The whole structure appears to have been produced by systematic sediment processing by an infaunal deposit feeder. During feeding, the trace maker produced a U-shaped burrow that it extended to create the long narrow limbs. Partial retraction followed by continued sediment processing would then have produced the distal branching to create the branch clusters. More complete retraction of more than 50% of the length of the U-burrow initiated a new burrow cluster adjacent to the previous one, and sometimes overlapped it.

Such radiating patterns of U-burrows were first described from Zoophycos trace fossils from the Quaternary of New Zealand (Ekdale and Lewis 1991). The present material most closely resembles Echinospira Girotti 1970, described from the Miocene of Italy, which shows self crossing in the type and subsequent material (Ekdale and Lewis 1991; Uchman 1995; Uchman and Demírcan 1999). In contrast, primary successive branching is clearly present in our material (Fig. 3b). Some comparisons may also be made with Zoophycos rhodensis Bromley and Hanken 2003, described from the Pliocene of Greece, though our material lacks the minor lamellae of that material and does not appear pelleted. Although our material is similar to these Cenozoic forms, it is considerably older and does not clearly fit within any of the existing ichnotaxa.

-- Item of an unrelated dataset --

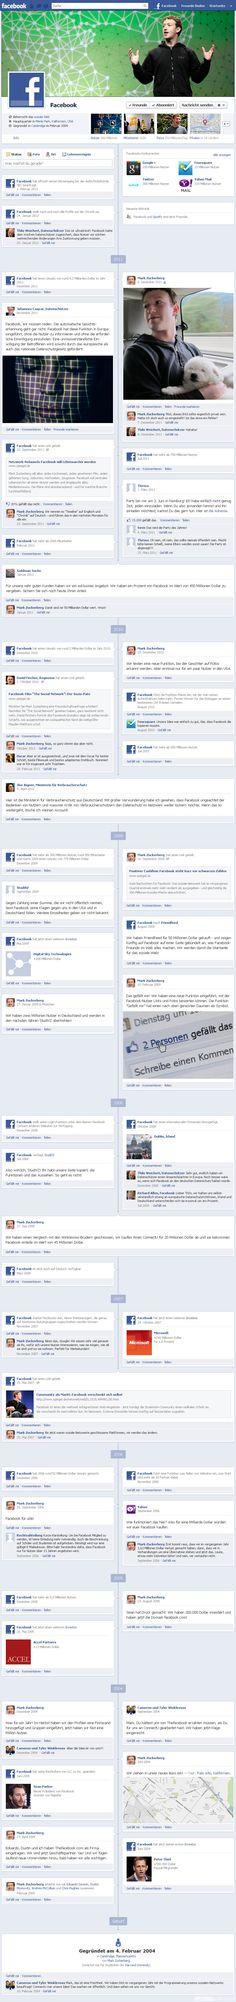 Facebook's Timeline by Spiegel Online

While the detailed taxonomic affinity of the present specimen is ambiguous, it can be confidently assigned to the Zoophycos trace fossils (equivalent to the Alectoruridae), which have a paleoenvironmental range that is exclusively marine (Uchman 1995). Zoophycos trace fossils are commonly found in association with marine flooding surfaces in the Pennsylvanian of the United Kingdom (?Echinospira isp., McIlroy unpublished data) and rarely in the Mesozoic (MacEachern and Burton, 2000). The present fossil provides further evidence for the periodic extension of a seaway from the Russian Platform westwards into the Maritimes Basin during Pennsylvanian times (Falcon-Lang 2005). Additional in situ specimens are needed to constrain the precise sedimentological and sequence stratigraphic context of the Sydney Mines ?Echinospira.